━━ PROVIDED DATA ━━

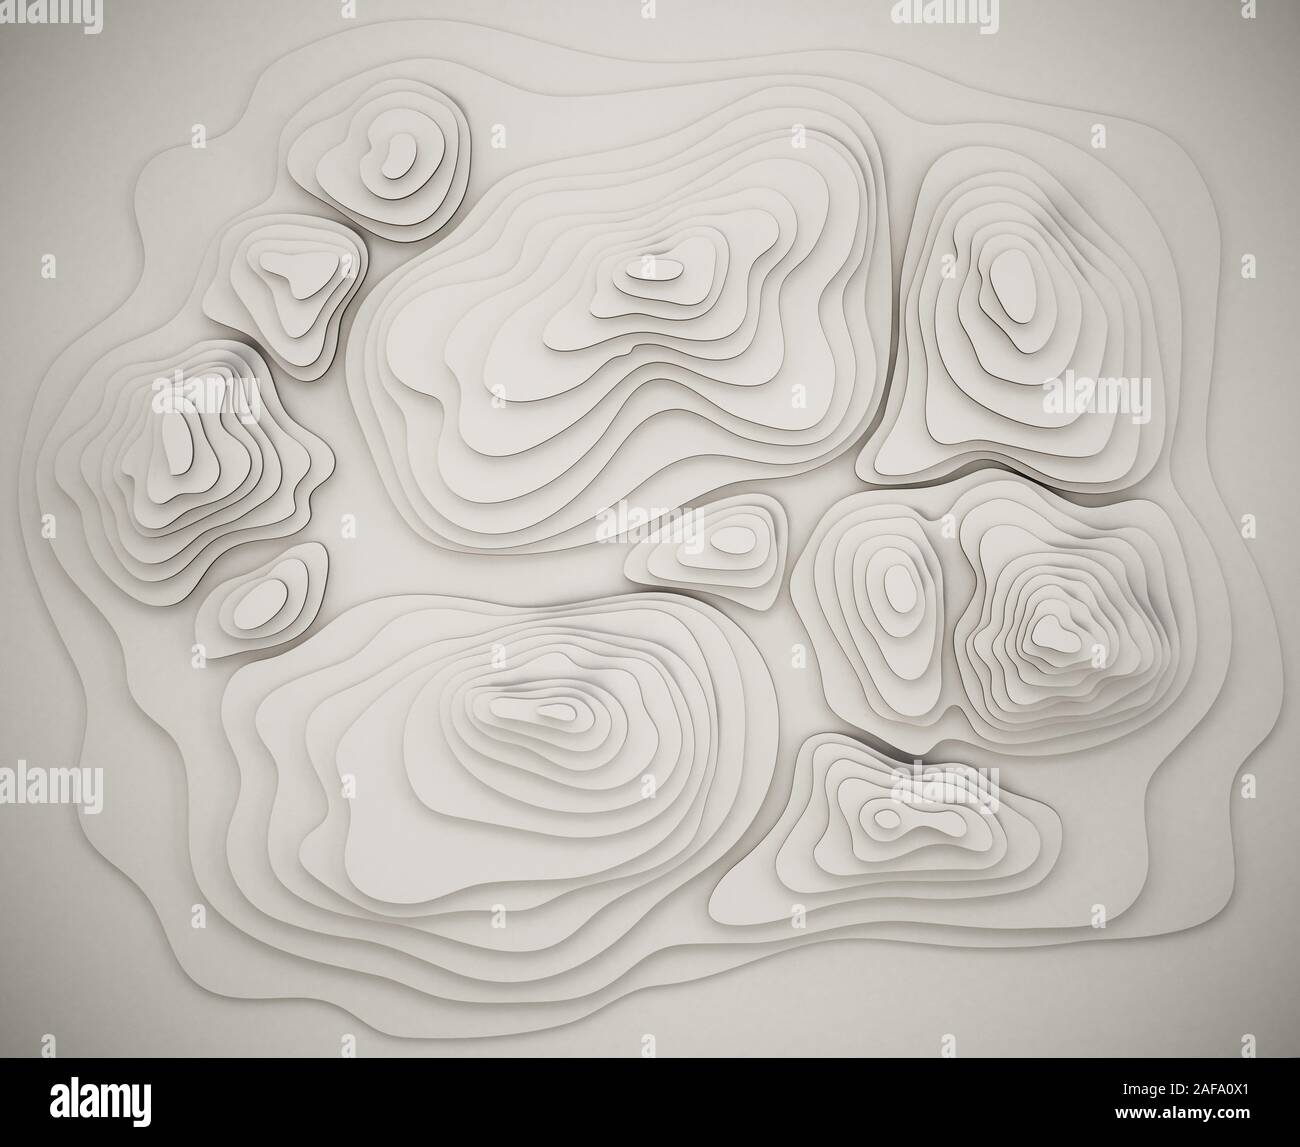 Topography map showing valleys and mountains. 3D illustration. Stock Photo
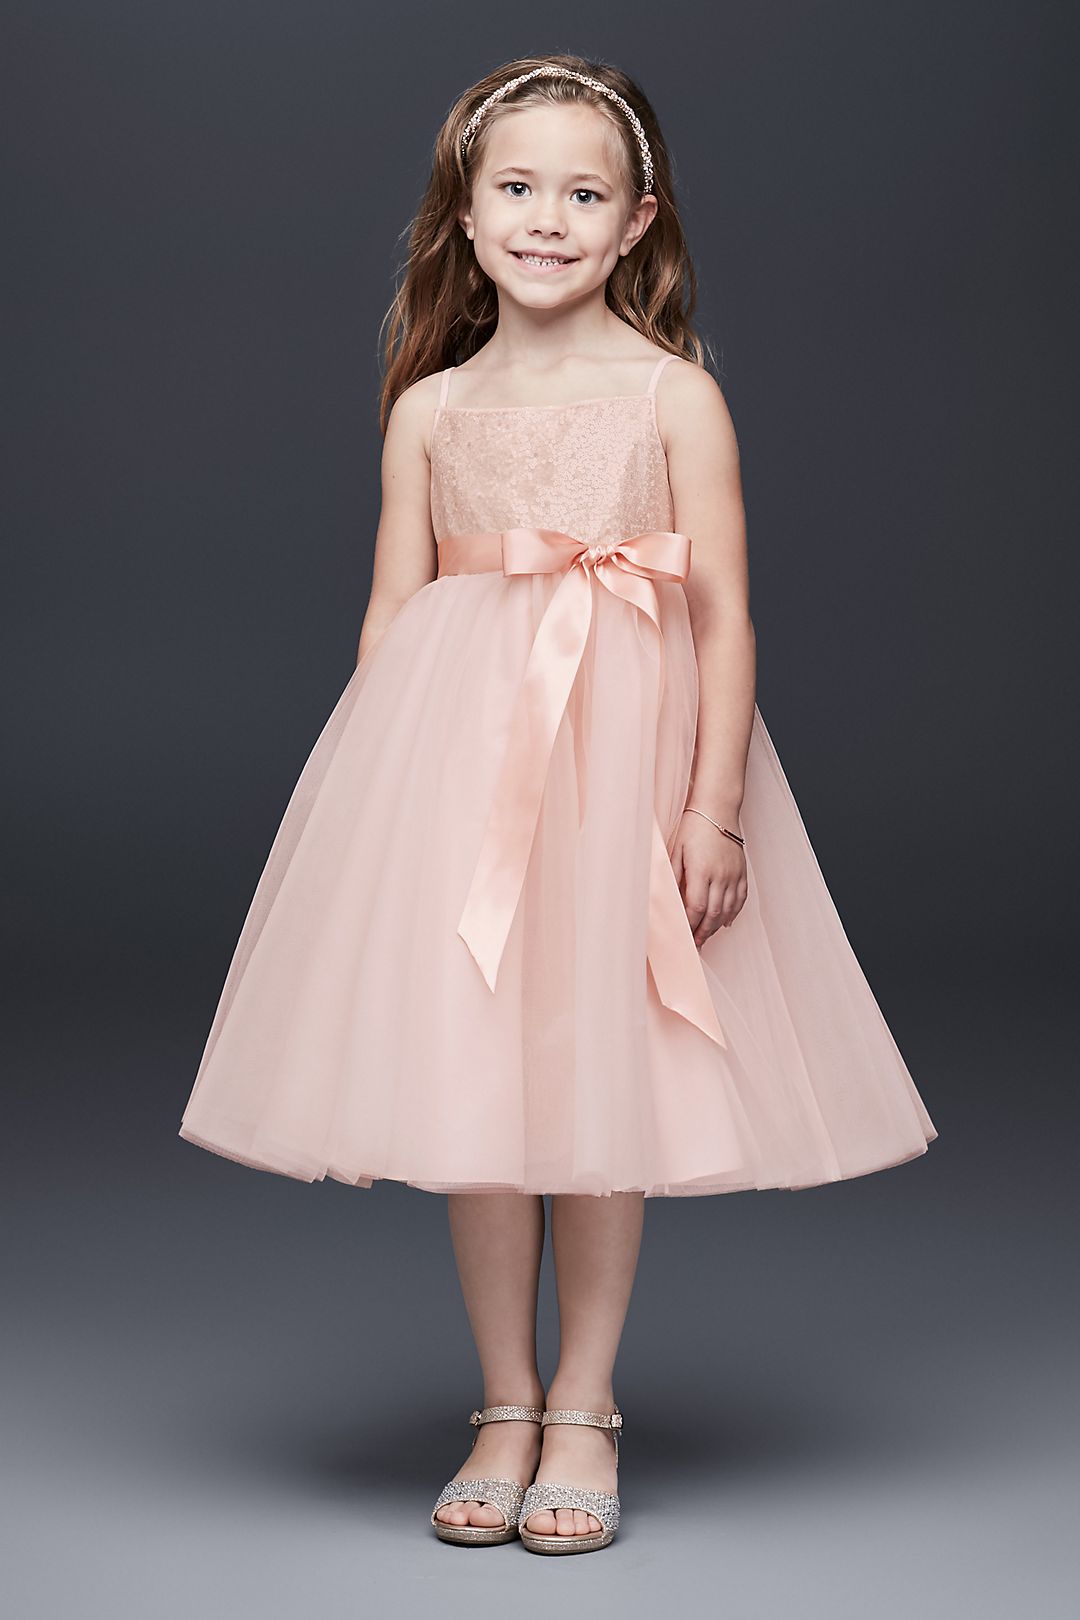 Sequin and Tulle Flower Girl Dress with Satin Sash Image 1
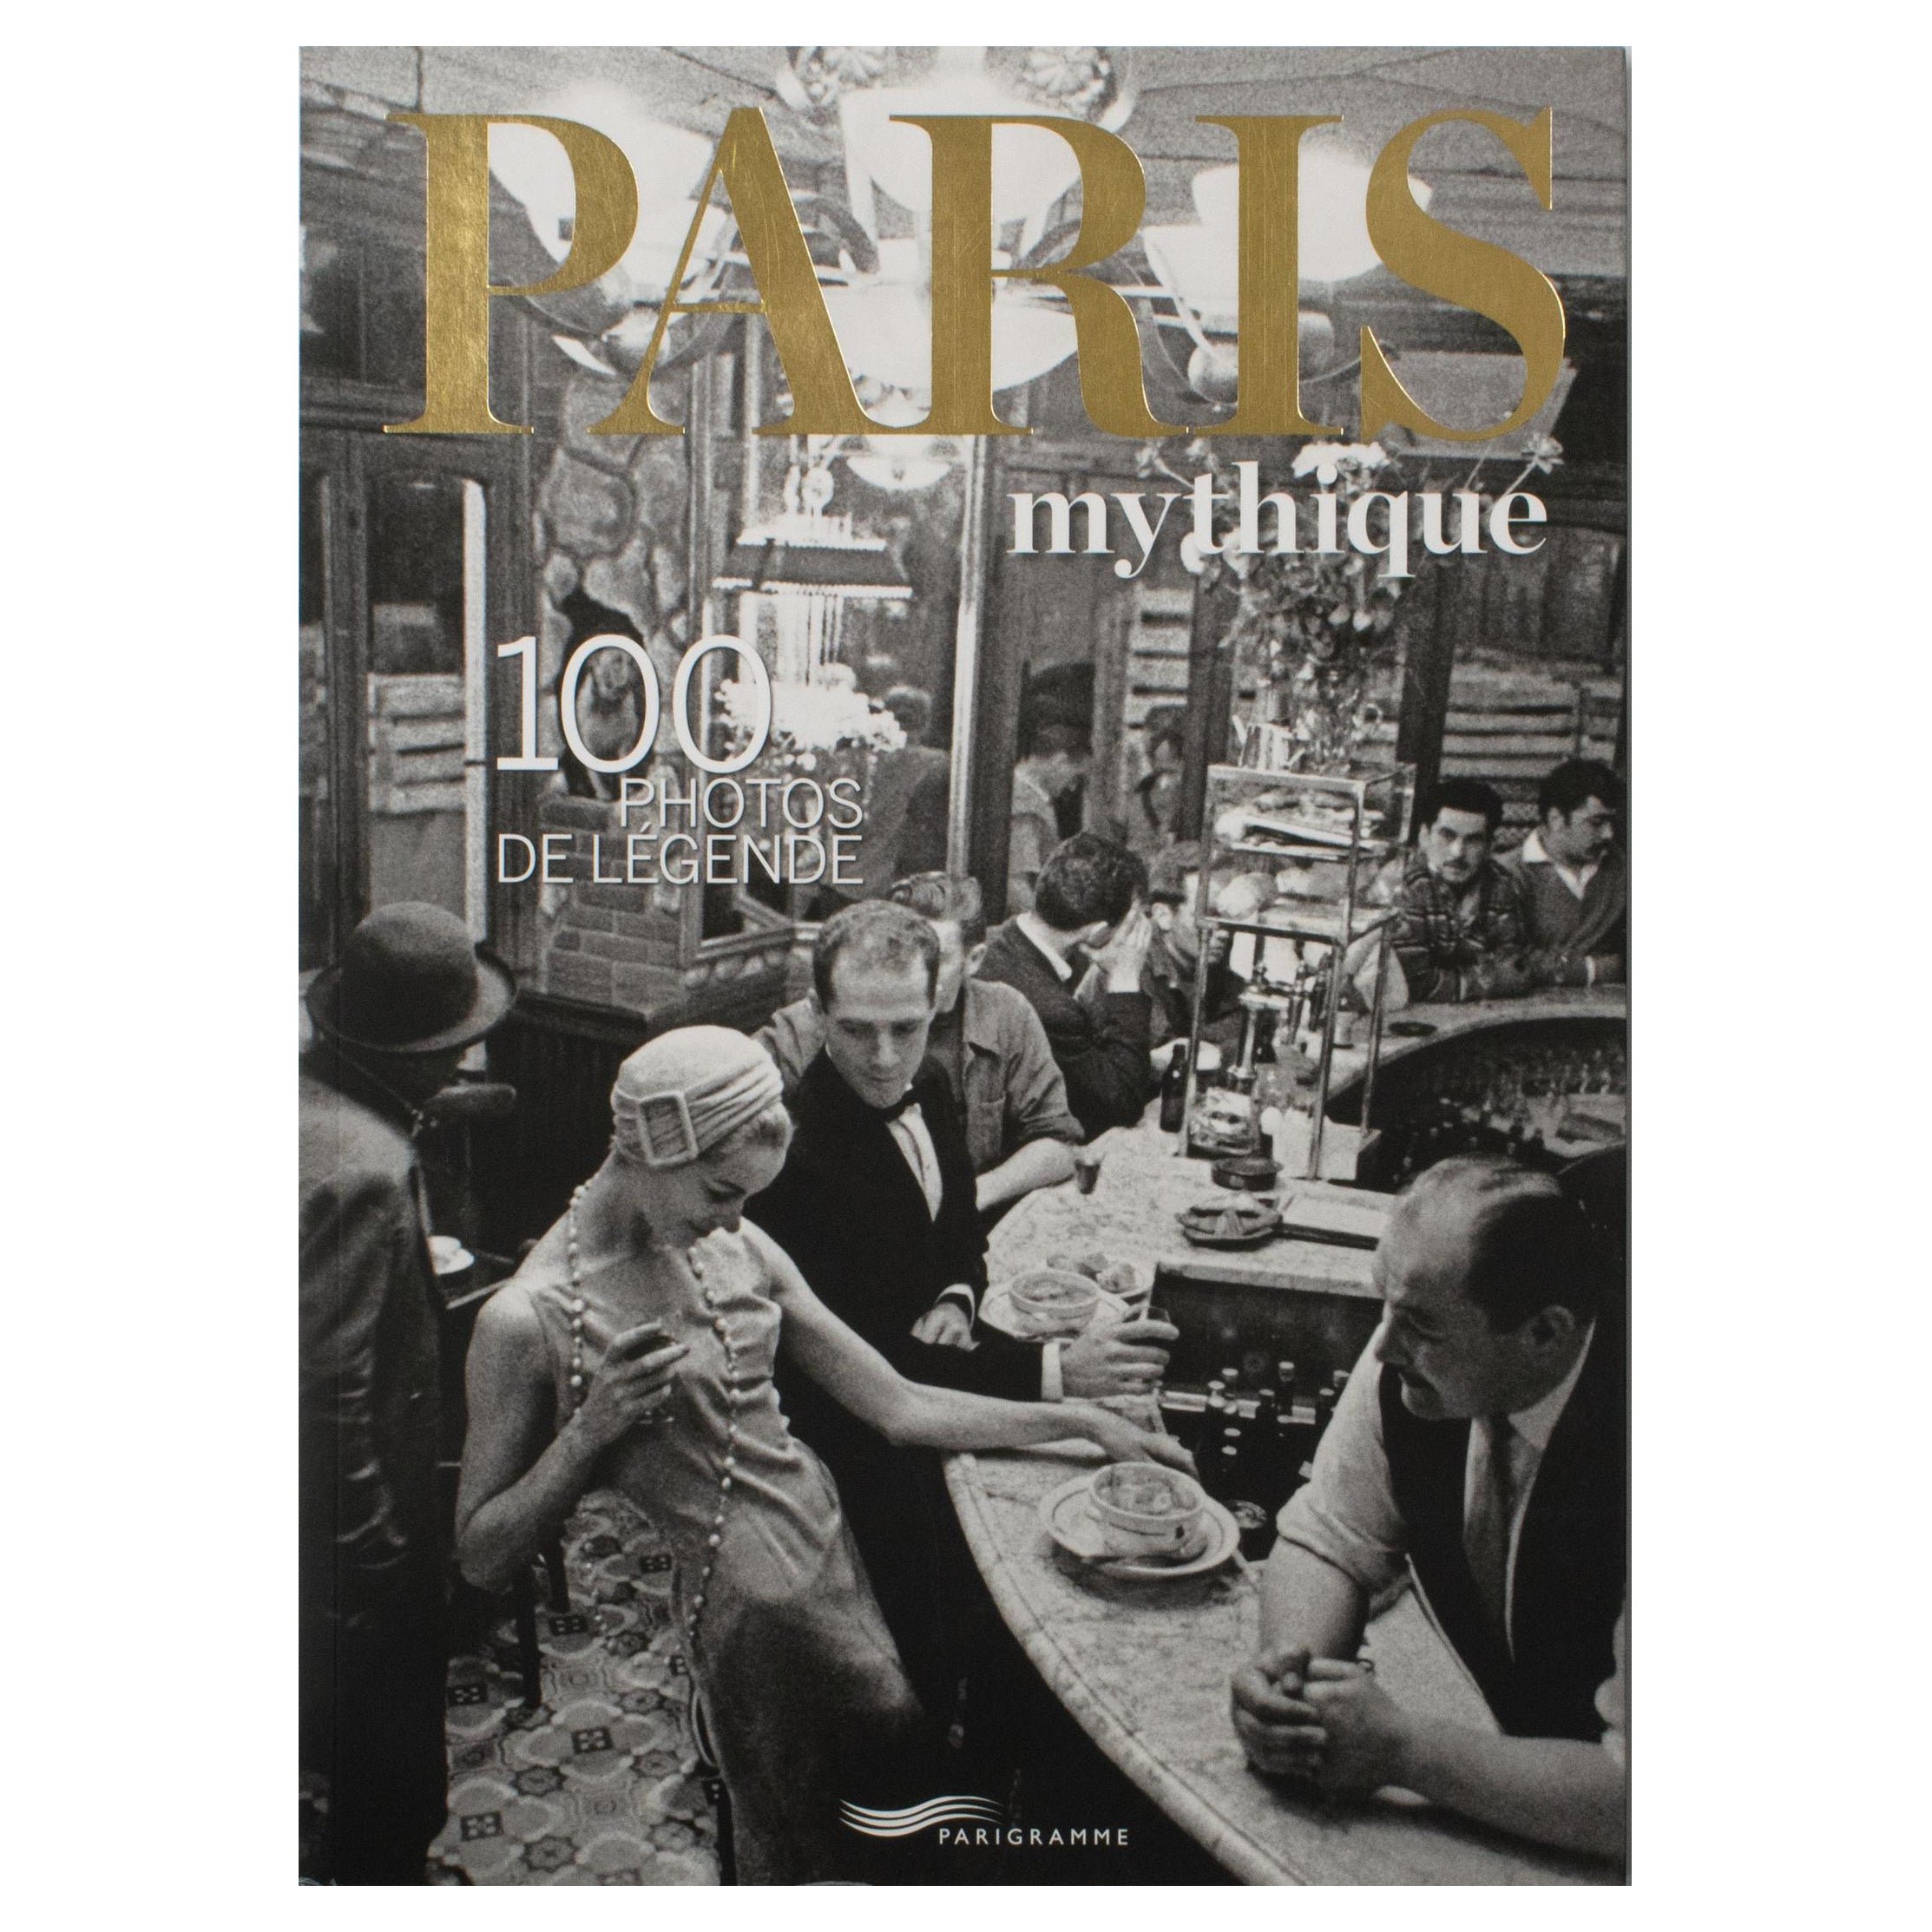 Paris Mythique, Mythical Paris, French-English Book by Parigramme, 2013

━━━

▸ ASSIGNED TASK
If pictures appear in the data, omit them and copy all other parts exactly.

▸ SOLUTION TO THE PROBLEM
 Topography map showing valleys and mountains. 3D illustration. Stock Photo
 Sequin and Tulle Flower Girl Dress with Satin Sash Image 1
 Paris Mythique, Mythical Paris, French-English Book by Parigramme, 2013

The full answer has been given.